Figure 3Density of SNPs in the cluster of R-genes across five melon cultivars. A Vertical colored lines mark the position where a SNP is detected in any of the following melon cultivars: CV: C-836, IQ: C-1012, PI: PI 161375, DHL: DHL92, PS: T-111 “Piel de Sapo”. Reference: DHL92 MELO3C004258-MELON3C004324 improved region. Blue lines: same nucleotide as in the reference; red lines: alternative nucleotide (two alleles); yellow lines: alternative nucleotide (one allele only). The “R-Genes” track shows the position of the TIR- and CC-NBS-LRR genes. B As in A, but only SNPs in the coding sequences of the R-genes are shown. Figure produced with SVAMP software.
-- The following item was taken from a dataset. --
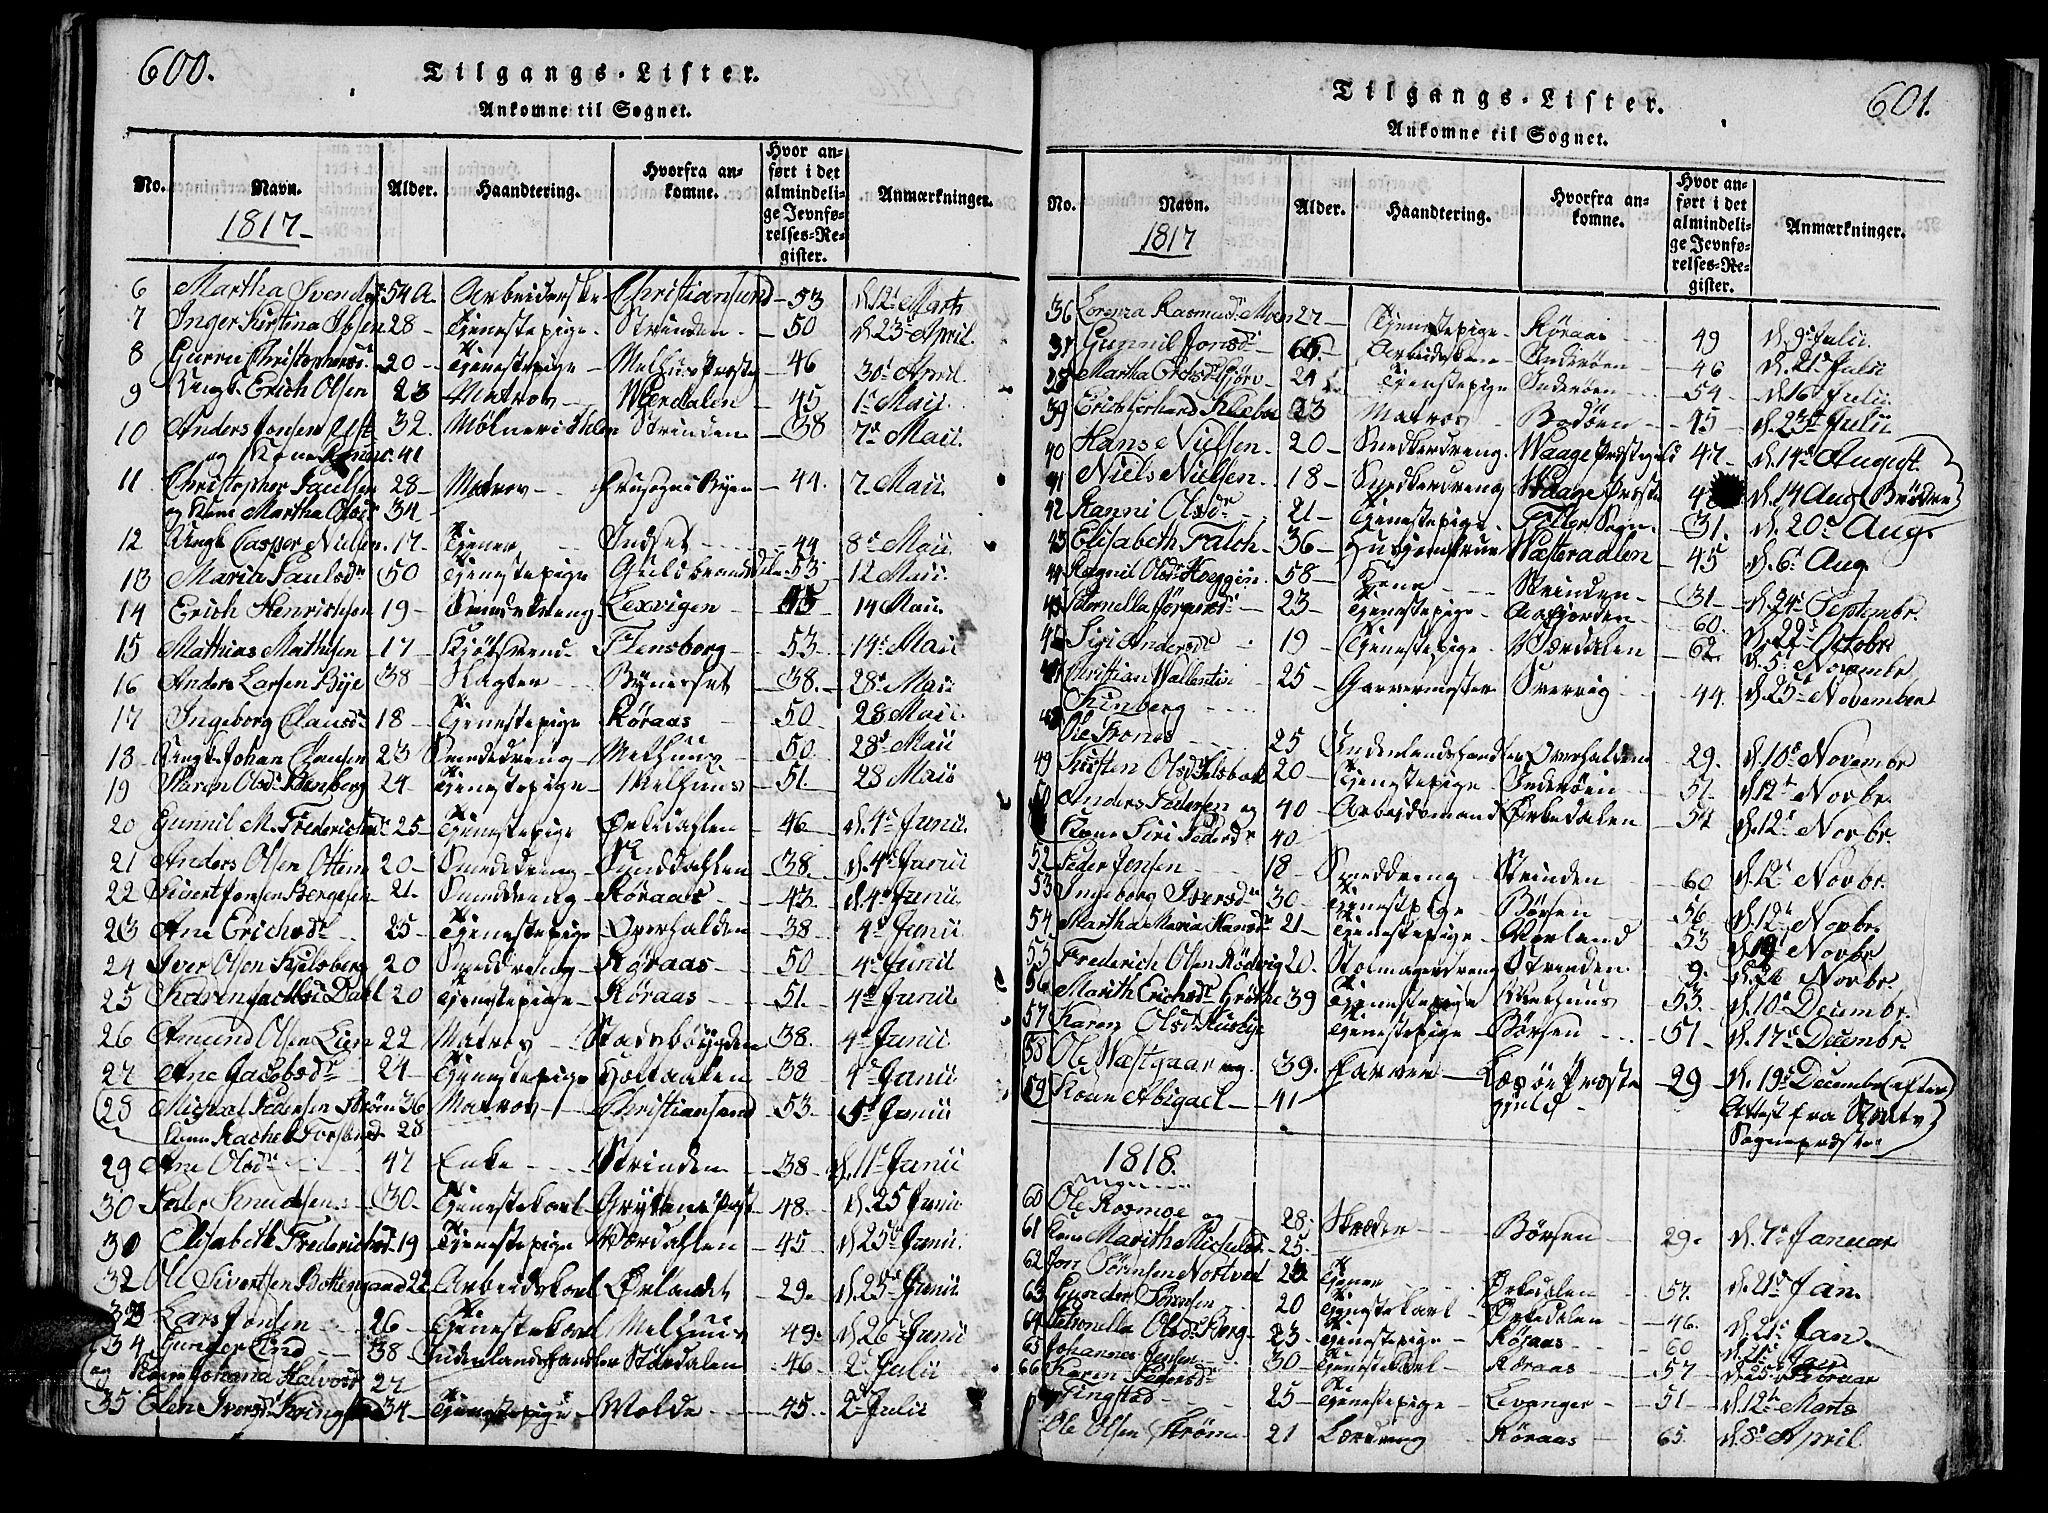 SAT, Ministerialprotokoller, klokkerbøker og fødselsregistre - Sør-Trøndelag, 601/L0043: Ministerialbok nr. 601A11, 1815-1821, s. 600-601
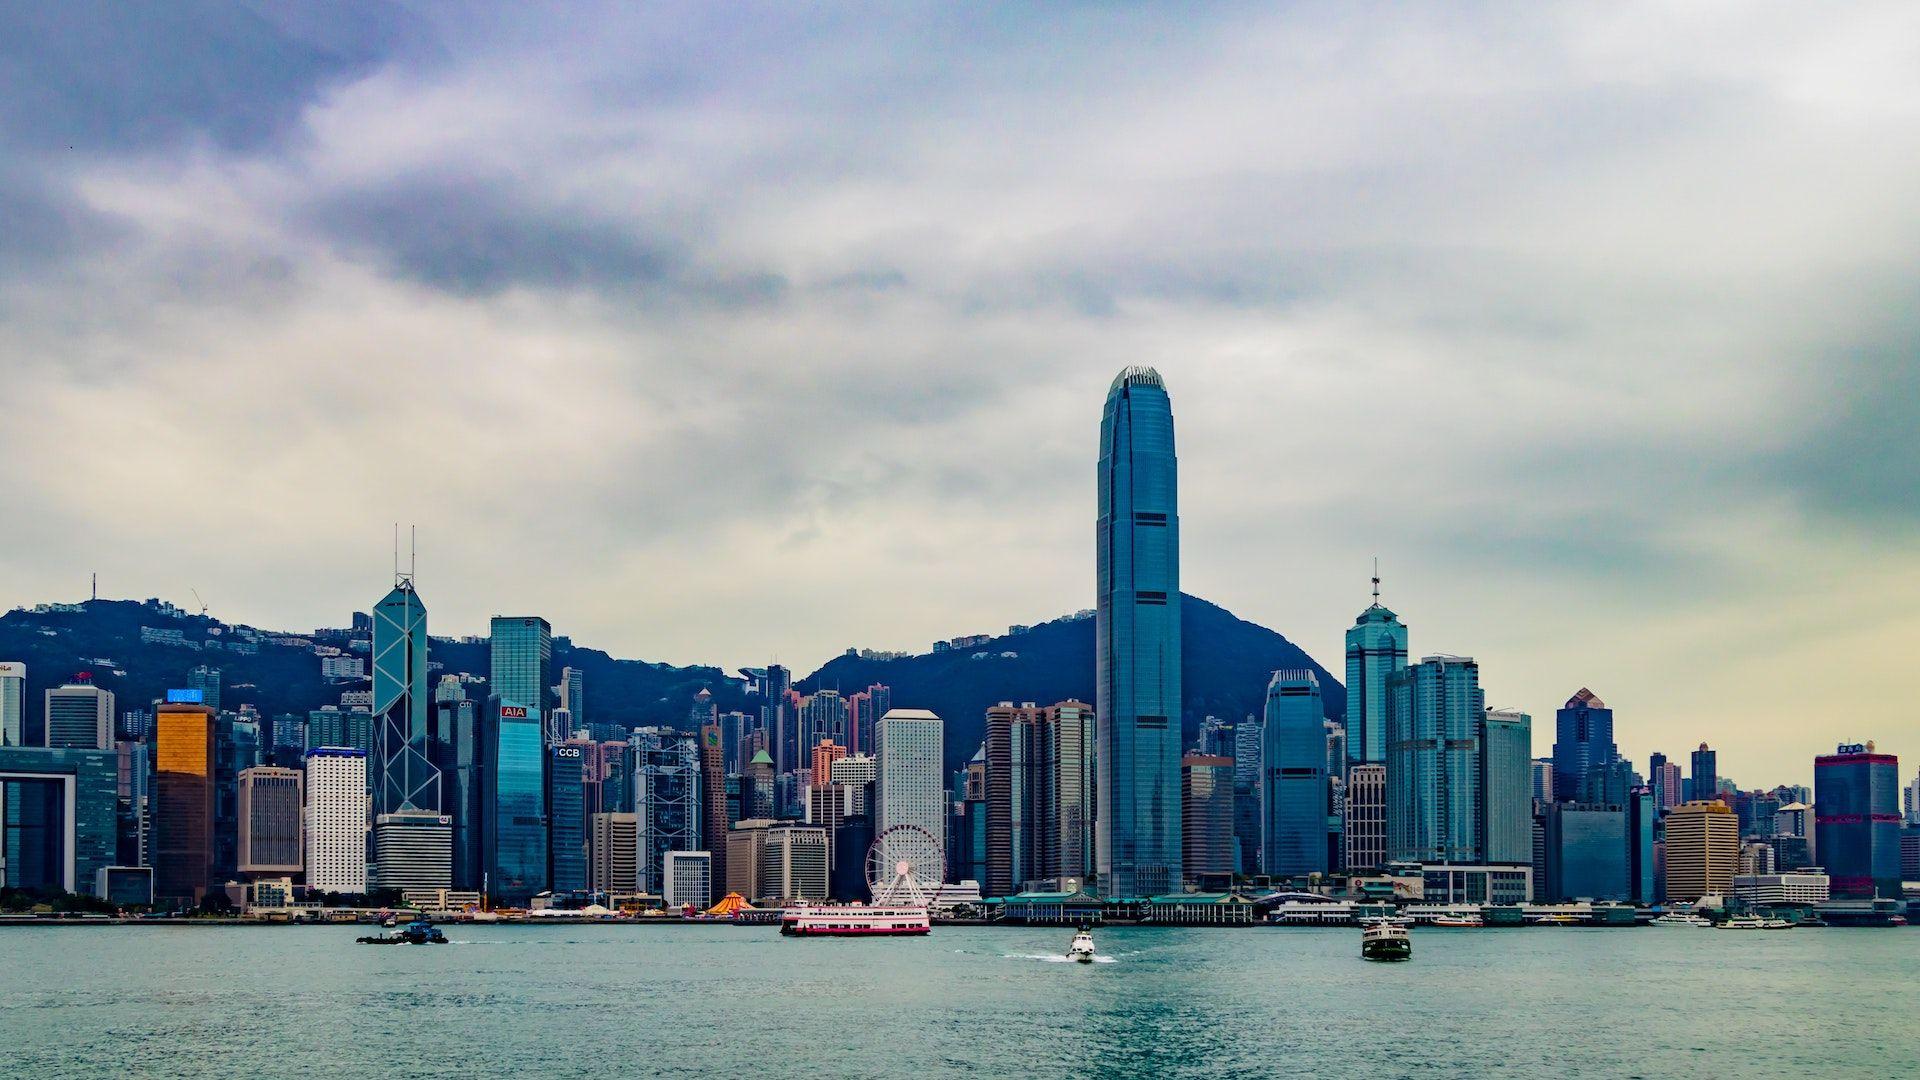 Estas son las diez ciudades más visitadas del mundo

Figure 4Sequence comparison between the t region of the PI 161376 variety and gene MELO3C04317. Dissimilar DNA regions are marked with horizontal red lines. Putative protein products are also shown: Orange sectors, CC domains; red sectors, NBS domains; yellow sectors, LRR domains; green sectors, LRR C-terminus.